How Emissions Actually Occur
The most significant emissions rarely arrive as steady averages. They emerge as intermittent events—during startups, shutdowns, malfunctions, or process upsets, when thermodynamics, instrumentation, and human sequencing are most stressed. EPA policy explicitly recognizes that emissions occur continuously, including during SSM (startup, shutdown, malfunction). These are the moments when risk concentrates.

At refineries, flaring illustrates the point: transient conditions dominate mass loading, and updated EPA flare emissions factors reflect that reality. Yet most monitoring methods remain poorly suited to capture such dynamics.

Consider benzene fenceline monitoring under Method 325. It is typically based on 14-day integrated samples—useful for long-term averages but effectively “time blind.” When action levels are exceeded, facilities must perform root cause analysis, yet the method itself cannot reveal when a release began or ended.

Chemical plants face a similar challenge. Recent HON updates emphasize tighter control and enhanced monitoring expectations, including fenceline requirements such as Method 327 for ethylene oxide and vinyl chloride. The thread is consistent: rules demand credible evidence, but time resolution is missing.

Why Periodic Monitoring Fails by Design

The issue is not poor execution—it is structural limitation.

When did an emission begin? Periodic sampling provides broad windows measured in days, not minutes. Operators are left bracketing events between “last known good” and “first elevated result,” defeating precise causal alignment.

How long did it last? Duration is where mass hides. Short bursts can dominate inventories, yet averaging erases this insight.

What triggered it? Quality root cause analysis requires correlating emissions with specific operating states. With 14-day integrated samples, facilities reconstruct events after the fact rather than diagnosing them in context.

These are blind spots built into the method itself. You can follow the rules perfectly—and still miss the single moment that mattered most.

The Inventory Paradox

Across industries, emissions inventories reveal the same truth: a small number of high-impact events drive the majority of mass. Average emissions are typically modest; episodic spikes dominate totals.

EPA’s methane “Super Emitter” initiatives target this phenomenon directly. The pollutant may differ, but the statistical lesson applies equally to VOCs and air toxics: distributions are lumpy, and risk is episodic.

Credibility under HON and Refinery MACT requires defensible control. Yet defensibility is hardest to establish when evidence is time blind. Without knowing when mass accumulated, operators cannot apportion it to triggers, verify fixes, or prove that risk truly declined.

The Defensive Posture This Creates

Time-blind programs turn smart teams into historians. HSE and compliance professionals painstakingly reconstruct events from logs, interviews, and DCS trends to explain outcomes their instruments never actually observed.

Enforcement expectations make this explicit: facilities must investigate root causes and implement corrective actions when thresholds are exceeded. But without real-time data, that analysis is slower, more expensive, and less certain than it needs to be. Critical insight fades into background noise.
Too often, leadership spends more energy explaining the past than preventing the next event.

The Shift: From Snapshots to Real-Time Stewardship

The good news: this limitation no longer has to define the future.
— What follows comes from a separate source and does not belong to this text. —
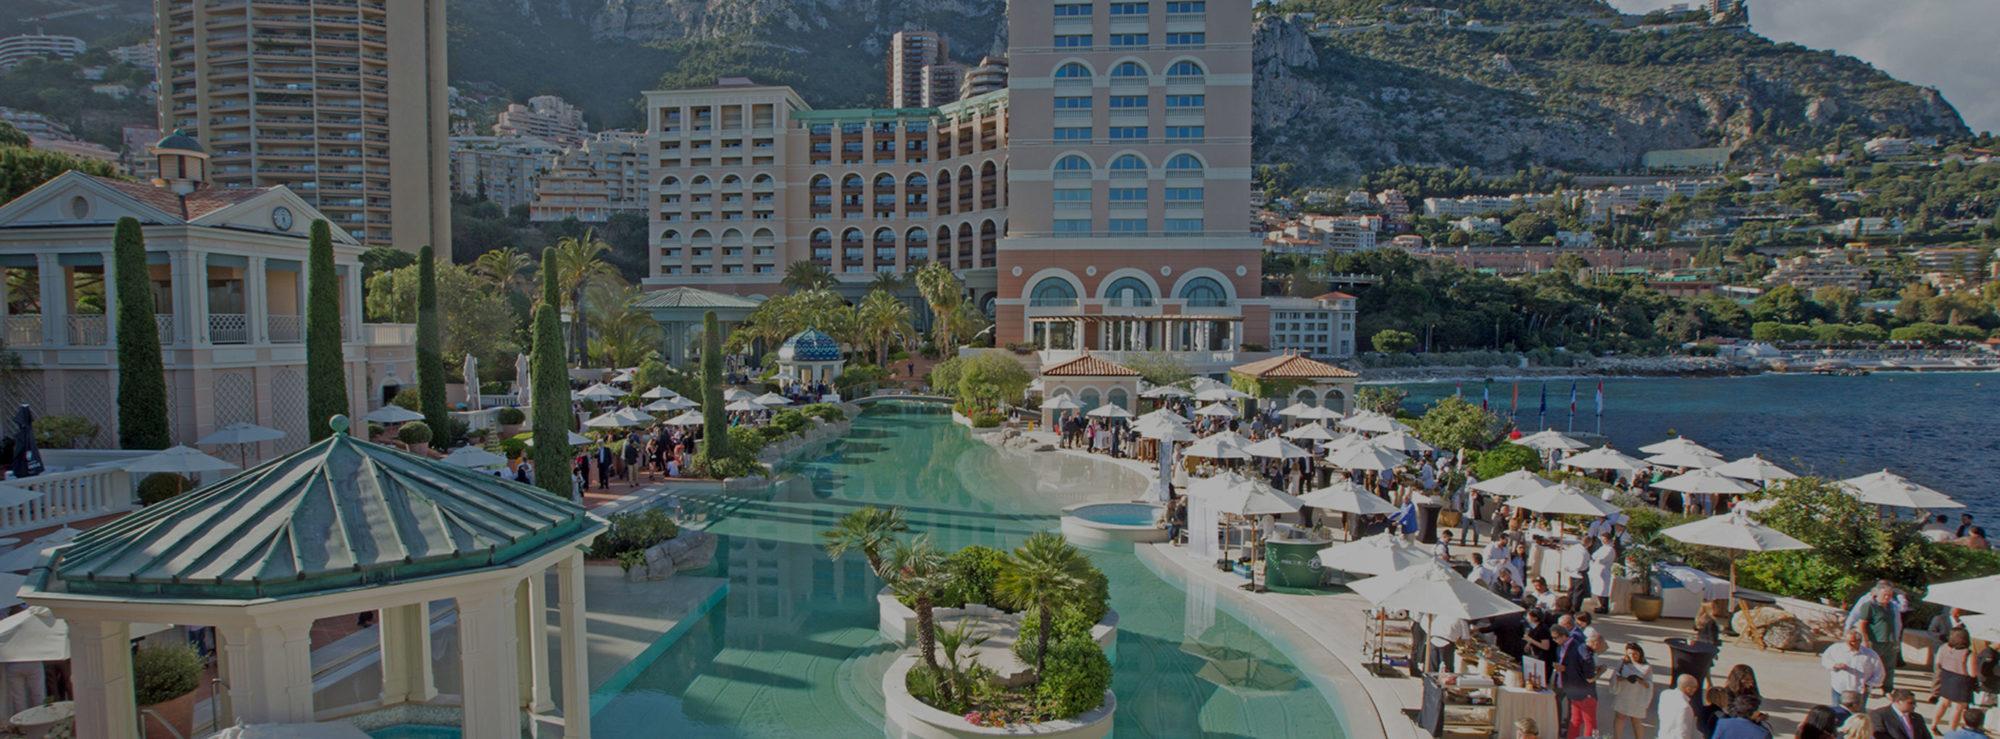 Monte Carlo Bay Design sonore

Advances in sensing, connectivity, and analytics are enabling a fundamentally different operating model—one built on system-wide, real-time, risk-informed control. Time becomes a first-class variable.

Continuous optical spectroscopy technologies, such as cavity ring-down spectroscopy (CRDS), deliver stable, high-precision field measurements at ppb—and even ppt—levels. This continuity makes events visible as they form, allowing operators to understand trajectory, intervene early, and verify outcomes.

The result is more than better monitoring. It is a transformation from periodic human inspection to continuous system insight.
When real-time detection is combined with predictive analytics and structured RCA workflows, operators can focus resources on the few high-impact events that truly matter. Reactive surveys and forensic investigations decline. O&M spending shifts from response to prevention—and ultimately decreases while risk falls.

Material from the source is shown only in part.